Craig MacKinlay MP

Craig MacKinlay

Opponents of banning sales of new internal combustion engine cars in 2030 claim the costs will be five times greater than the benefits.

A new report by a leading consultancy, the Centre for Economics and Business Research (CEBR), suggests the environmental benefits will be worth £76bn, but the costs will add up to £400bn.

The report was sanctioned by an All Party Parliamentary Group (APPG) called Fair Fuel for UK Motorists and UK Hauliers, and funded by FairFuelUK, the Alliance of British Drivers and Motorcycle Action Group.

According to the report, the major costs from the proposed ban are likely to be:

  • new vehicle purchases of £188bn (in extra costs);
  • increased time lost due to waiting while recharging EVs, valued at £47bn; and
  • infrastructure for electricity generation and additional charging points of £99bn.

It also notes there is likely to be a loss of tax revenue of £5.8bn a year (£2.7bn when discounted to 2022 base year terms), on average, in the scenario of a ban in comparison to a no-ban scenario, as fuel duty and VAT dwindle away.

Craig McKinlay MP, chair of the Fair Fuel APPG and Net Zero Scrutiny Group, commented: “This in-depth study from the CEBR shows unequivocally that the costs of the proposed ban on petrol and diesel vehicles would be many times the benefits.

“Strikingly, even when using the government’s own methodology on carbon pricing, the study finds that the costs are a staggering five times the estimated benefits. Other reports show the CO2 savings of electric vehicles are limited, not to mention the reality of the limited supply of the elements required for batteries largely under Chinese control and the human misery associated with the mining process.

“No policy can be justified which has such an unbalanced ratio of costs to benefits, under a range of different assumptions. I really hope the government will study these results carefully and abandon a policy that can only leave people worse off. It’s time for a more nuanced approach to decarbonising transport that allows for innovation across the automotive sector. Continuing with this rigid and authoritarian ban risks disaster.
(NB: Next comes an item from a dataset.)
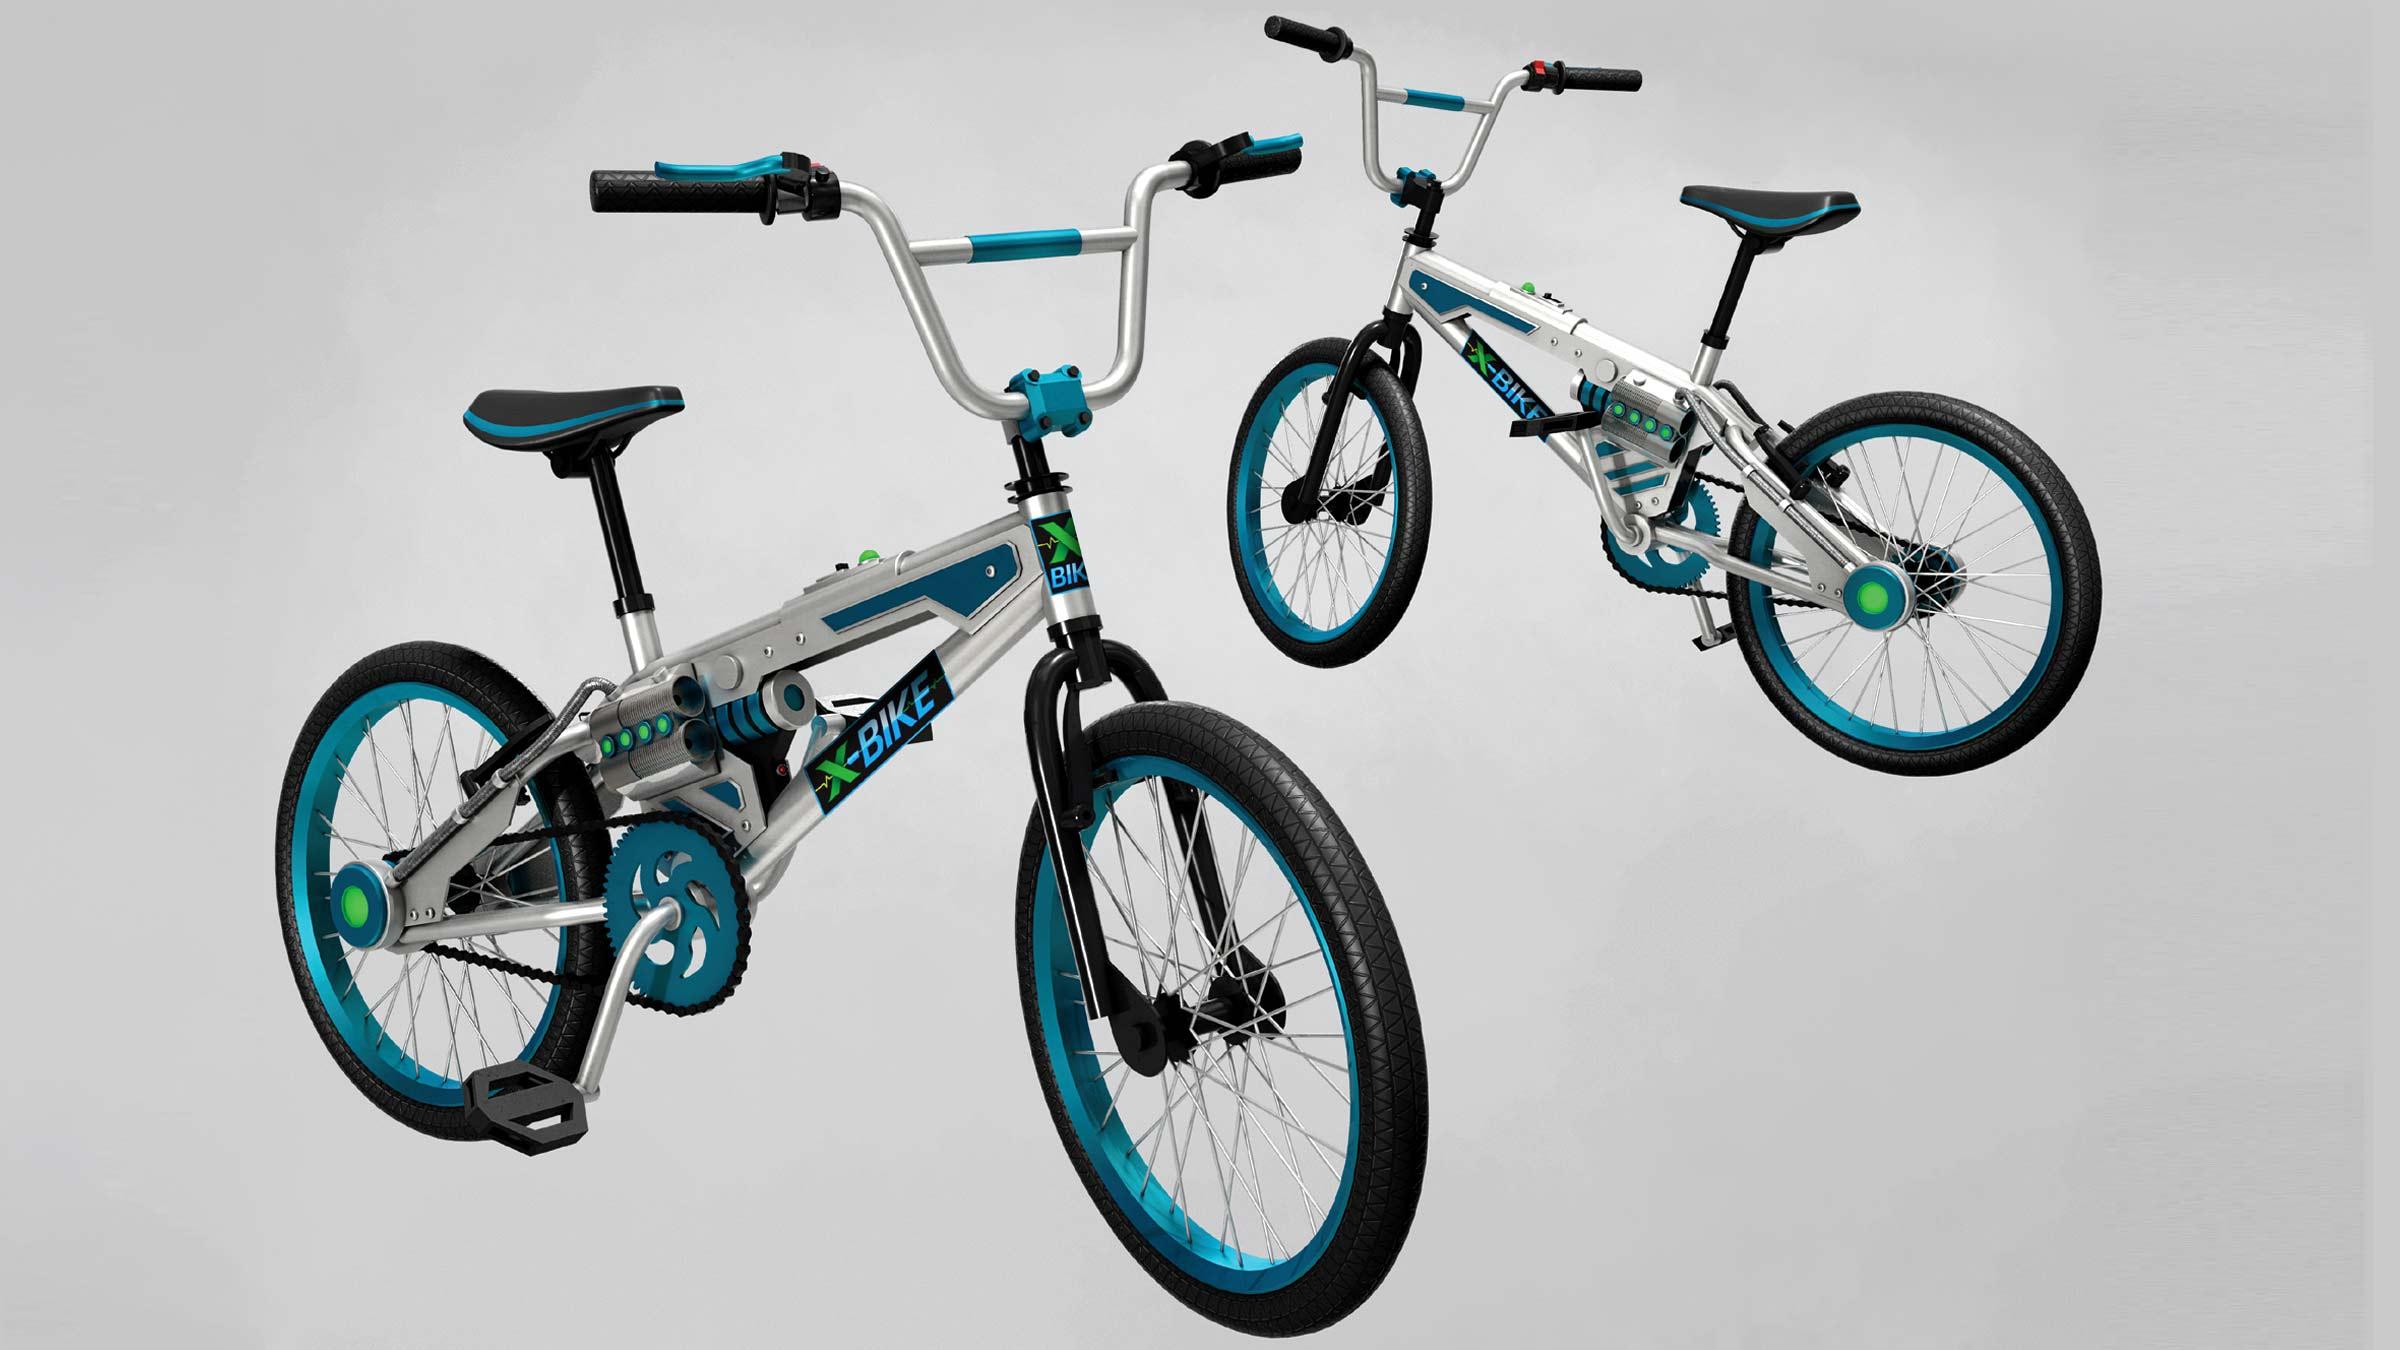 X-Bike Prop Design - Concept sketch views

Karl McCartney MP, a member of the Transport Select Committee, said: “There will still be ICE vehicles on land, sea and air, and maybe alternatives to fossil fuels might be a route to follow, with synthetic fuels maybe being a part of the solution of how we transport ourselves, foods, goods and materials around after 2030/2050. As a country we need to support personal choice and vehicle autonomy: the vast majority of my constituents will never contemplate the economic lunacy of an electric vehicle. A new vehicle to them and their family is the equivalent of an average eight-year-old ICE Ford Mondeo. The self-appointed metropolitan elite need to extricate their heads and wake up to the detrimental costs to our nation’s people and economy of what they have been led to believe, and have given their tacit support too, and drive back to the reality checked side of the UK road.”

Douglas McWilliams, vice chair of CEBR: “I’m not against electric vehicles, quite the opposite. But forcing their premature adoption has huge costs which are not covered by the environmental benefits. And the bulk of the environmental benefits are lost in any case through additional production emissions.”